Если же говорить не об общих целях, а о практических задачах «гуманитарной интервенции», то мнения правоведов здесь разнятся. Западный профессор С. Хофман выделяет три основных подхода к определению целей гуманитарного вмешательства [14, с. 41-42]. Первый условно назван «минималистским» и ограничивает интервенцию исключительно гуманитарными задачами. Этот так называемый подход «с позиций Красного Креста» состоит в необходимости обеспечения доставки грузов с продовольствием и медикаментами страдающему населению, что может быть осложнено действиями местных сил. Второй подразумевает создание гуманитарным операциям «безопасного окружения». Меры по защите могут здесь варьироваться от организации «зон безопасности» до прямого воздействия на противную сторону как «принуждения к миру» по терминологии ООН. Третья стратегия является гораздо более амбициозной. По мнению либеральных авторов, необходимо совмещать поиск политического решения проблемы с активным применением силы для разоружения противников, принуждения сторон к согласию на принятый мирный план или устранения ряда военно-политических фигур, препятствующих достижению мира. Данный подход получил наименование «разрешение кризиса».
Профессор Ю.Н. Малеев выделяет две стадии гуманитарной интервенции. Первая стадия - силовая, применение вооруженных сил. Вторая стадия «подразумевает содействие социальному развитию страны, искоренение социальных причин, которые вызывают нарушения прав личности, геноцид и прочее» [2, с. 26].
Оправдывая гуманитарную интервенцию, ряд ученых пытается найти аргументы в обычном международном праве. Так, сторонники вмешательства утверждают, что гуманитарная интервенция, подобно самоопределению, является принципом естественно-правовой идеологии, который сохраняется в международном праве, несмотря на широкое утверждение и закрепление в законодательстве концепций невмешательства и суверенитета. «Просто установленные, определенные принципы человечества превосходят идею суверенитета. Когда происходит нарушение этих принципов, у государства нет иммунитета против вмешательства» [20, с. 56].
Но эта ссылка на естественное право не может не встретить возражения, так как с таким же успехом можно было бы утверждать о правомерности существования колониальных и зависимых территорий, потому что еще совсем недавно наличие таковых допускалось не только правовыми обычаями, но и даже Уставом ООН.
Другие юристы строят правовое обоснование законности гуманитарной интервенции на чрезмерно широкой интерпретации положений Устава ООН. В частности, М. Райзман и М. Макдугал считают, что Устав ООН не только подтвердил, но и усилил обоснование гуманитарной интервенции [18, с. 167]. Они выступают за широкое толкование источников международного права и считают целесообразным учитывать не только букву, но и дух международно-правовых документов. При этом делается ссылка на Преамбулу, статью 1 (3) и на ст. 55 и 56 Устава ООН, согласно которым государства-члены взяли на себя обязательство «предпринимать совместные и самостоятельные действия» для утверждения «всеобщего уважения прав человека и основных свобод для всех» [там же].

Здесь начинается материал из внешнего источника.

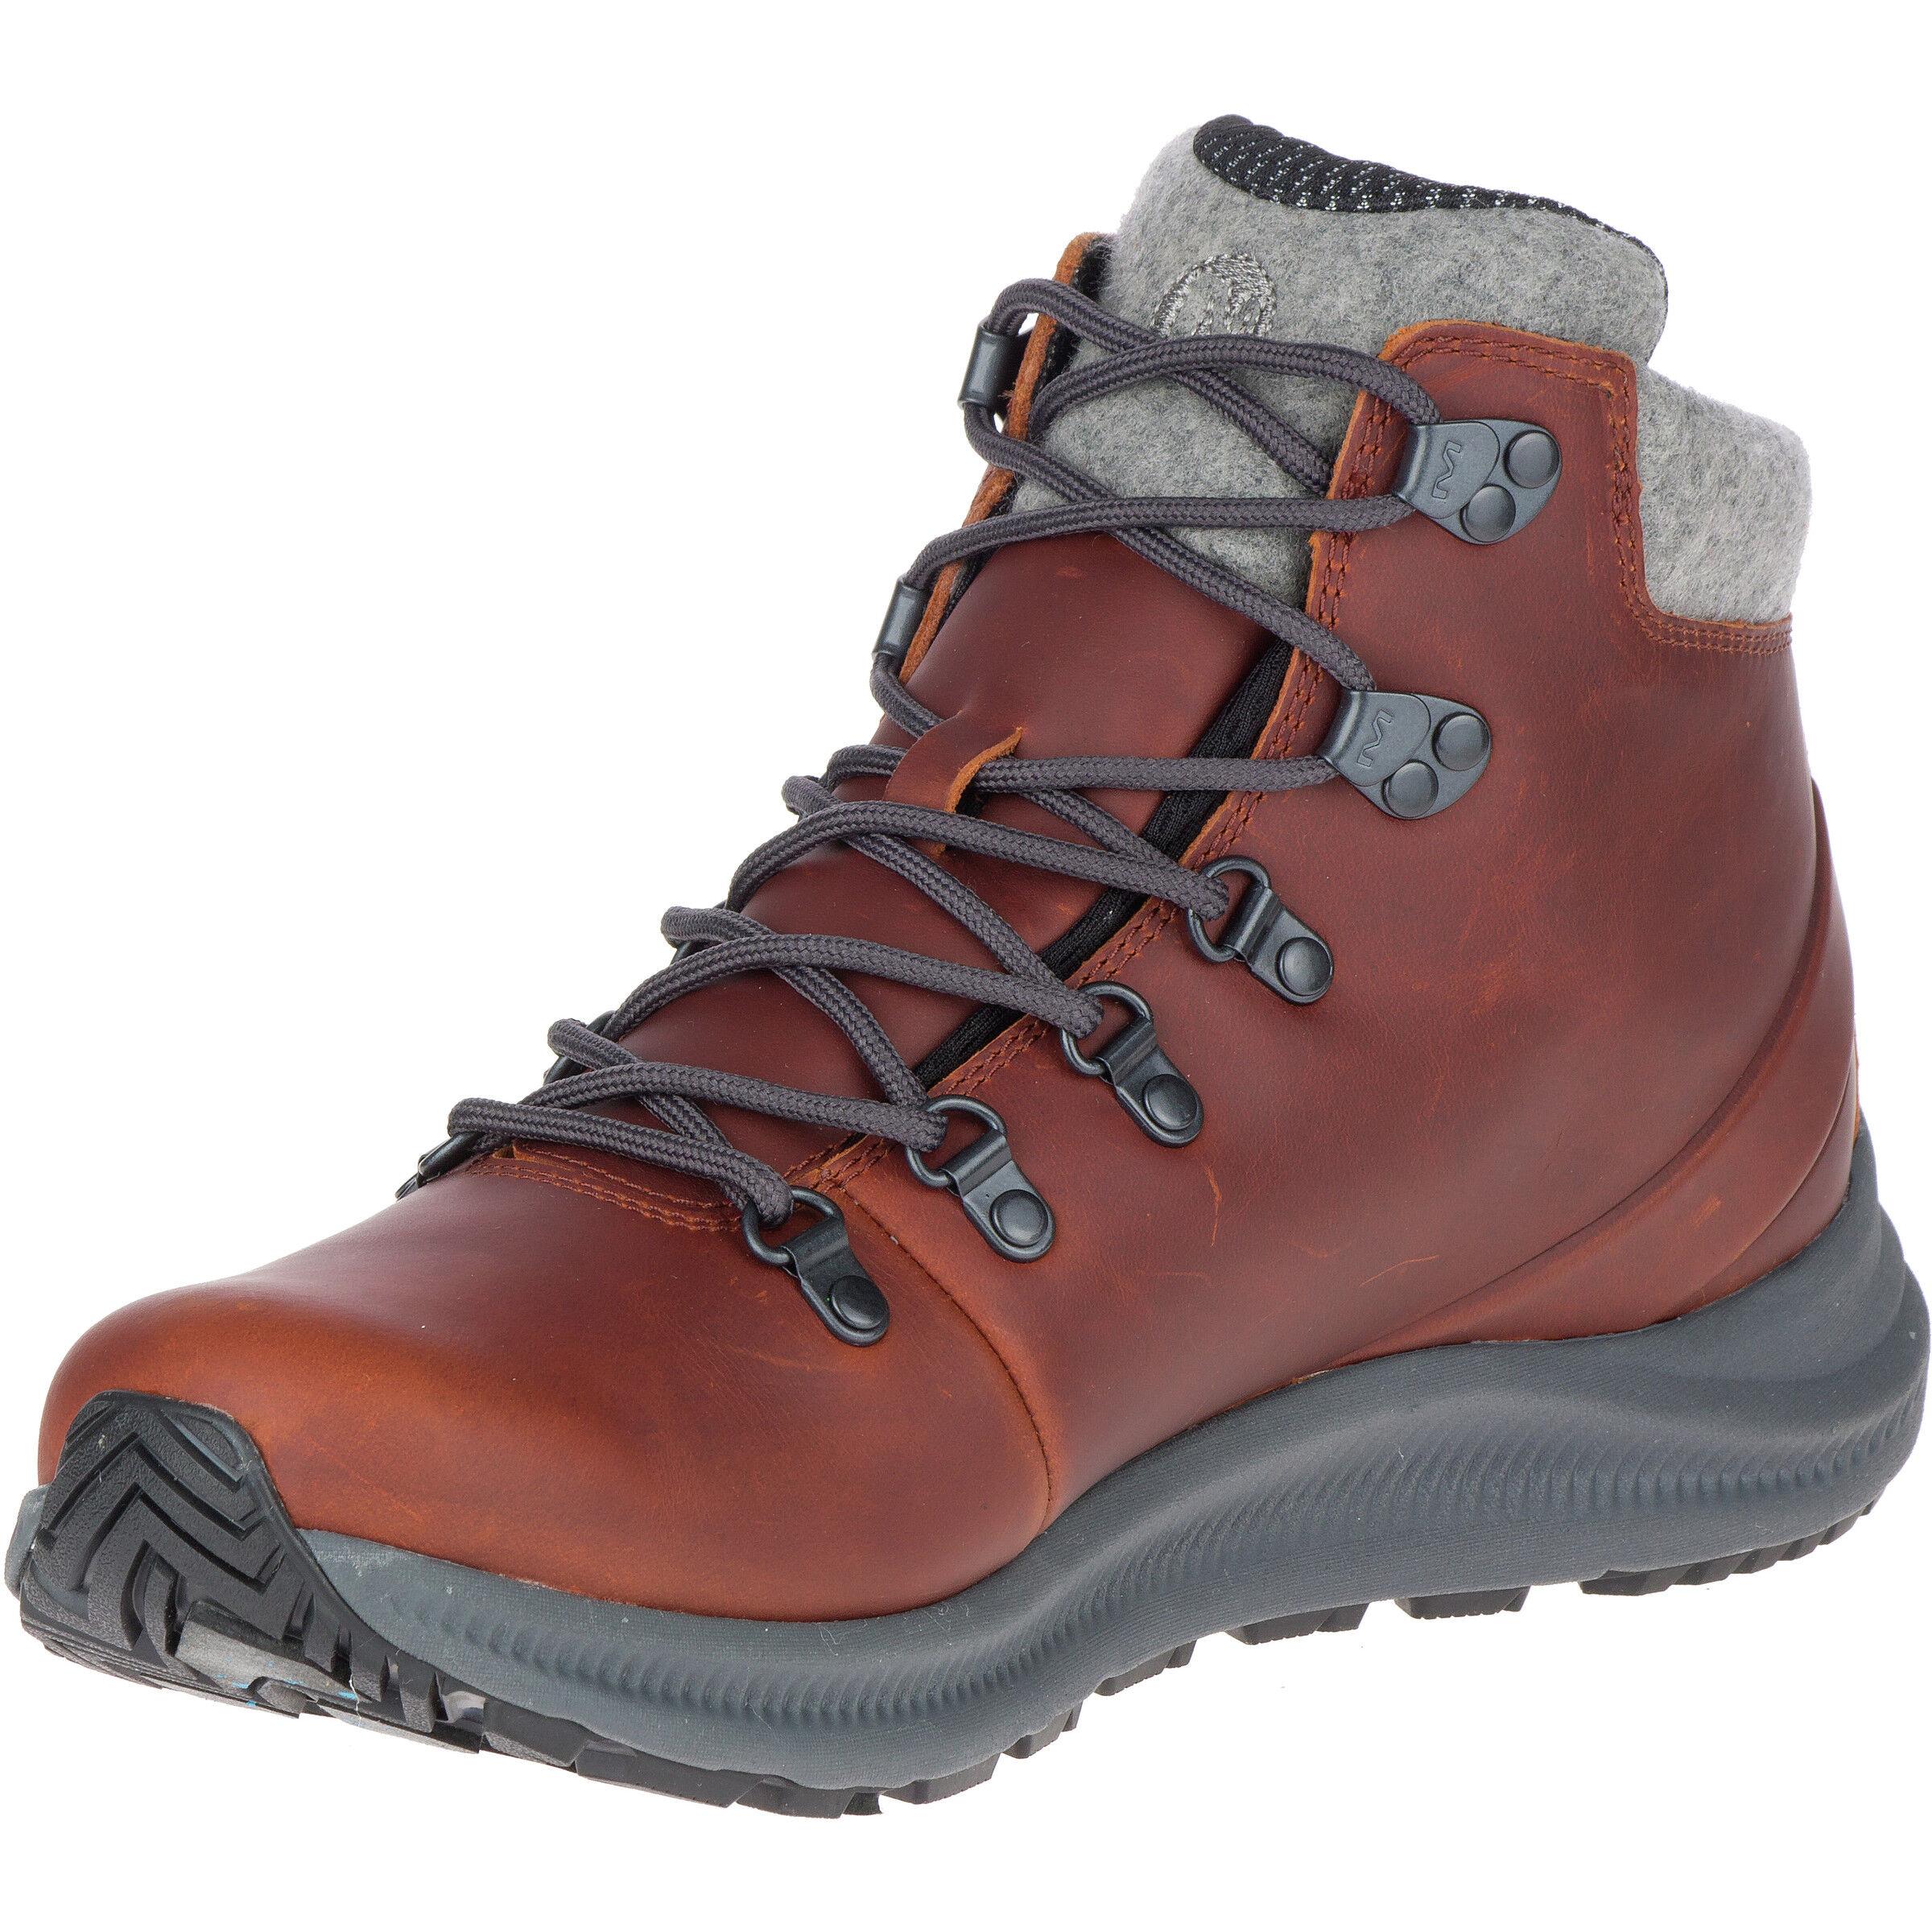 barley Thermo Herren Merrell WP Cut Schuhe Ontario Mid 8kX0nwZNOP

Приверженцев гуманитарного вмешательства не смущает противоречие их концепции основополагающим принципам международного права, таким как: неприменение силы, уважение государственного суверенитета, невмешательство во внутренние дела и мирное урегулирование споров. По мнению теоретиков гуманитарной интервенции, значение этих международно-правовых принципов нивелируется концепцией универсальности прав человека.
Смысл данной концепции состоит в том, что все государства, которые приняли на себя обязательство уважать Устав ООН, Всеобщую декларацию прав человека 1948 г., Хельсинский Заключительный акт и другие документы, провозглашающие универсальные и неотъемлемые права человека, одновременно взяли на себя международно-правовое обязательство гарантировать закрепленные в них права человека и признали, что данная сфера не является предметом их исключительной компетенции. Иными словами, нарушение прав человека, гуманитарная катастрофа никогда не может считаться чисто внутренним делом того или иного государства. По мнению бывшего Генерального секретаря ООН Кофи А. Аннана: «Во многих случаях конфликт может стать настолько опасным, что международное сообщество обнаружит себя обязанным вмешаться».
Опираясь на концепцию универсальности прав человека, ряд ученых делает следующий вывод. «Когда государство злоупотребляет абсолютным правом суверенитета и допускает такое обращение со своими гражданами, которое нарушает все универсальные гуманитарные нормы, любое государство может осуществить право гуманитарного вмешательства» [16, с. 210].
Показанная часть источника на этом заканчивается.